Incontables partidas de billar, innumerables cervezas de todos los tamaños posibles, las mismas canciones de la máquina de discos cantadas a coro y a pleno pulmón una y otra vez, con el ocasional acompañamiento de los parroquianos habituales, encabezados por el entrañable viejo vagabundo con todo el aspecto de sufrir varios delirium tremens a lo largo del día, pero que, como un auténtico funambulista de lo etílico, era capaz de encaramarse a lo alto del taburete de la barra sin un titubeo y de bajar con la misma grácil agilidad, aunque horas después nos lo encontrásemos tirado en alguna esquina de la calle.
Muchas tardes acabamos invitando o siendo invitados por clientes de todo tipo, pero con un distintivo común: su inequívoco olor a perdedor urbano.

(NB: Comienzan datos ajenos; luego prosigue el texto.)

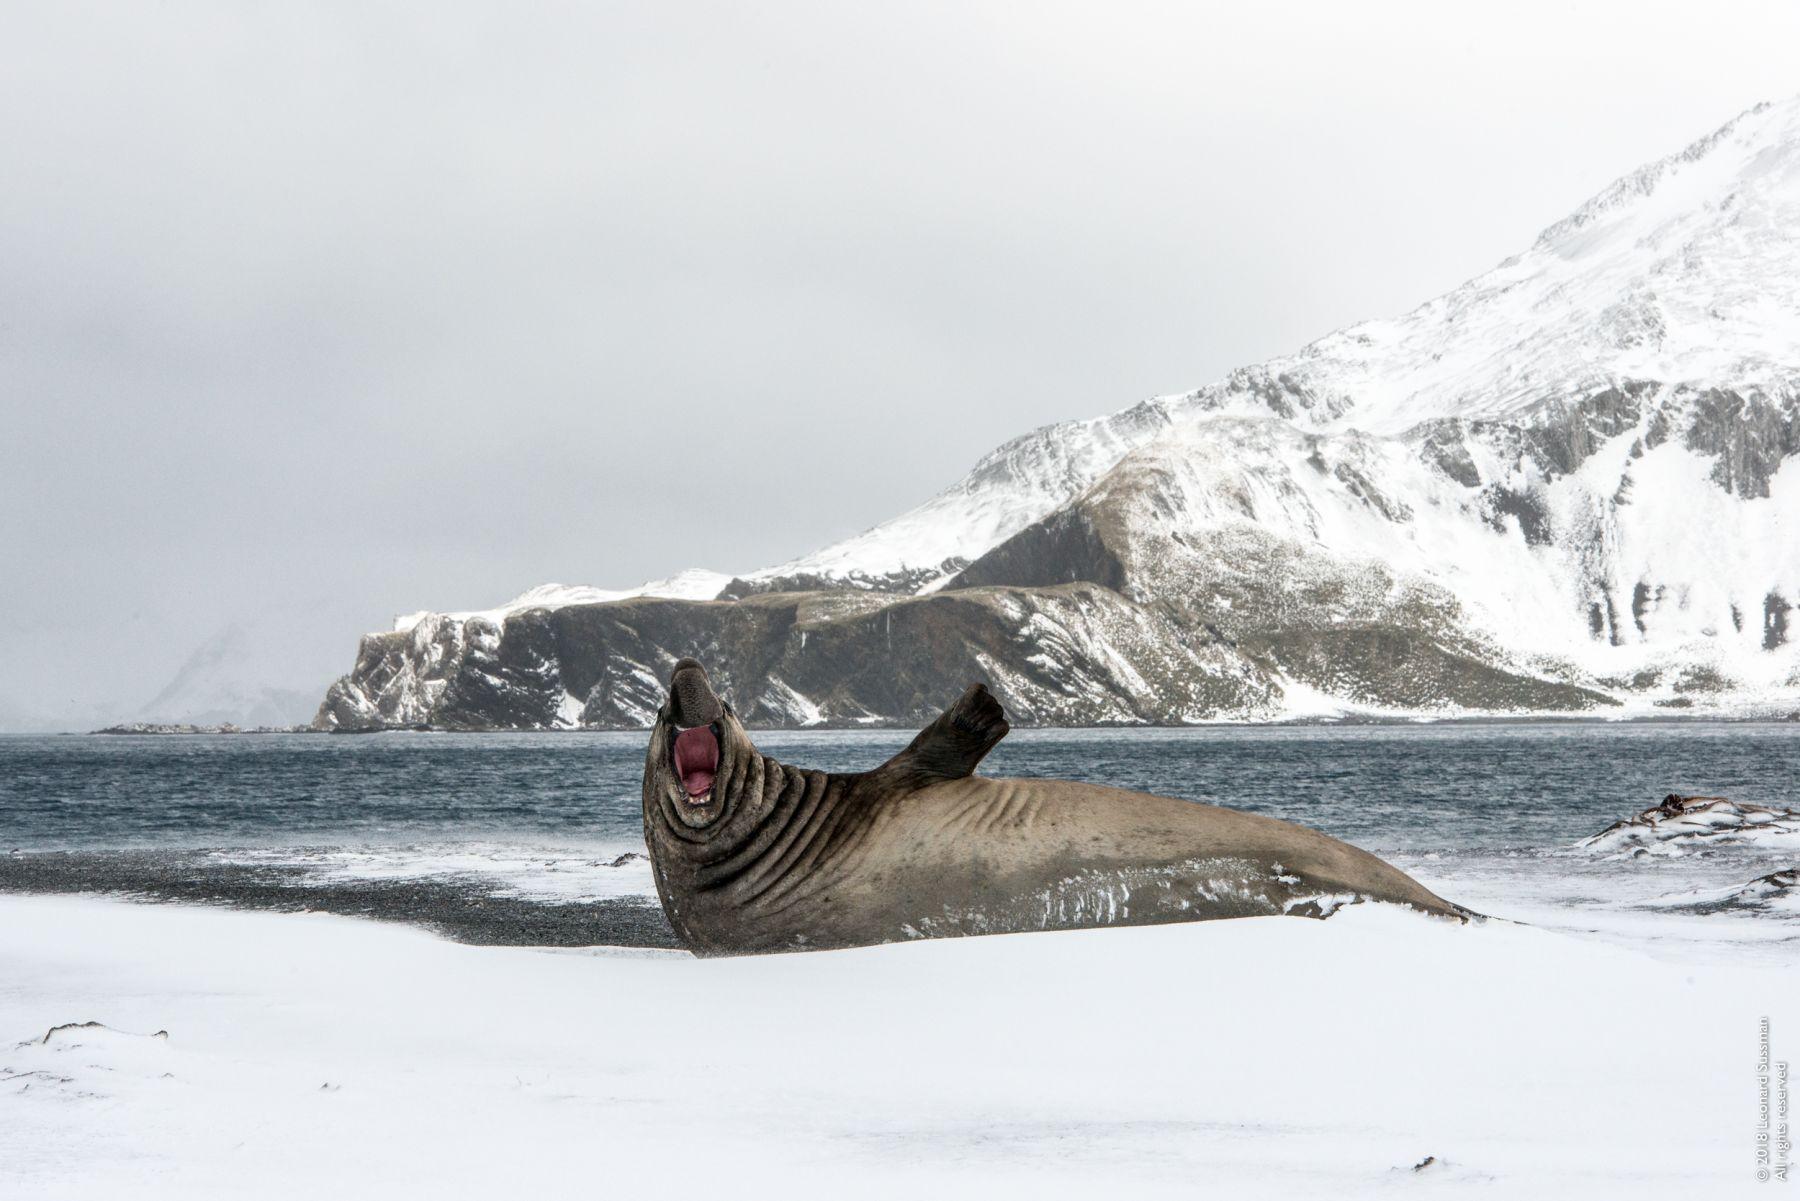 Elephant Seal Barking, Right Whale Bay, South Georgia Islands

Independientemente de su aspecto exterior, eran perdedores. Nadie con las piezas de su vida bien encajadas se dignaría a perder las horas en un antro semejante.
Nosotros nos reíamos de ellos y con ellos, éramos jóvenes y teníamos todo el tiempo por delante. Para nosotros, aquellos días eran el principio de nuestros pasos por la vida adulta, libres y sin responsabilidad. Los mejores días. Los que se disfrutan al máximo, porque no somos conscientes de que alguna vez se terminarán.
Al cabo del tiempo, nuestras vidas tomaron unas rutinas distintas y dejamos de ir. No fue algo repentino, sino que se produjo de manera gradual.
Años después, por azares del destino, me vi convertido en espectador de todo aquello, en lugar de ser el protagonista activo. Me vi en lo alto del taburete, solo, a primeras horas de la tarde, mientras un grupo de adolescentes bebían, jugaban y reían alrededor de la mesa de billar. El Bar Lanau había cambiado de “dueños”. Ya no éramos nosotros, eran otros. Yo sólo era parte del decorado.
Los auténticos propietarios del local habían envejecido, pero seguían ejecutando mecánicamente los mismos movimientos, los mismos gestos, como autómatas renqueantes… De los dos hijos ya no quedaba rastro. Posiblemente habían huído de un lugar tan deprimente y poco adecuado para una juventud sana, que no lo viviese como una estación de paso, como una puerta dimensional a otros tiempos.
Ya hace mucho tiempo que dejé de frecuentar el bar definitivamente. Me pregunto si aún existirá, porque ciertamente, era un auténtico milagro que un negocio como aquél se mantuviese en pie. Me pregunto si aún existirá, o si existió alguna vez… como aquellas tardes perdidas.
1 Comments:
He conocido sitios así o, tal vez, los he soñado. Alguien muy cercano se empeña en seguir buscándolos en cada esquina y, a veces, rescatamos alguno de la memoria.
Él sigue pensando en "La Perla", yo en "Casa Sindo". Afortunadamente, todavía nos queda "El Tribunal".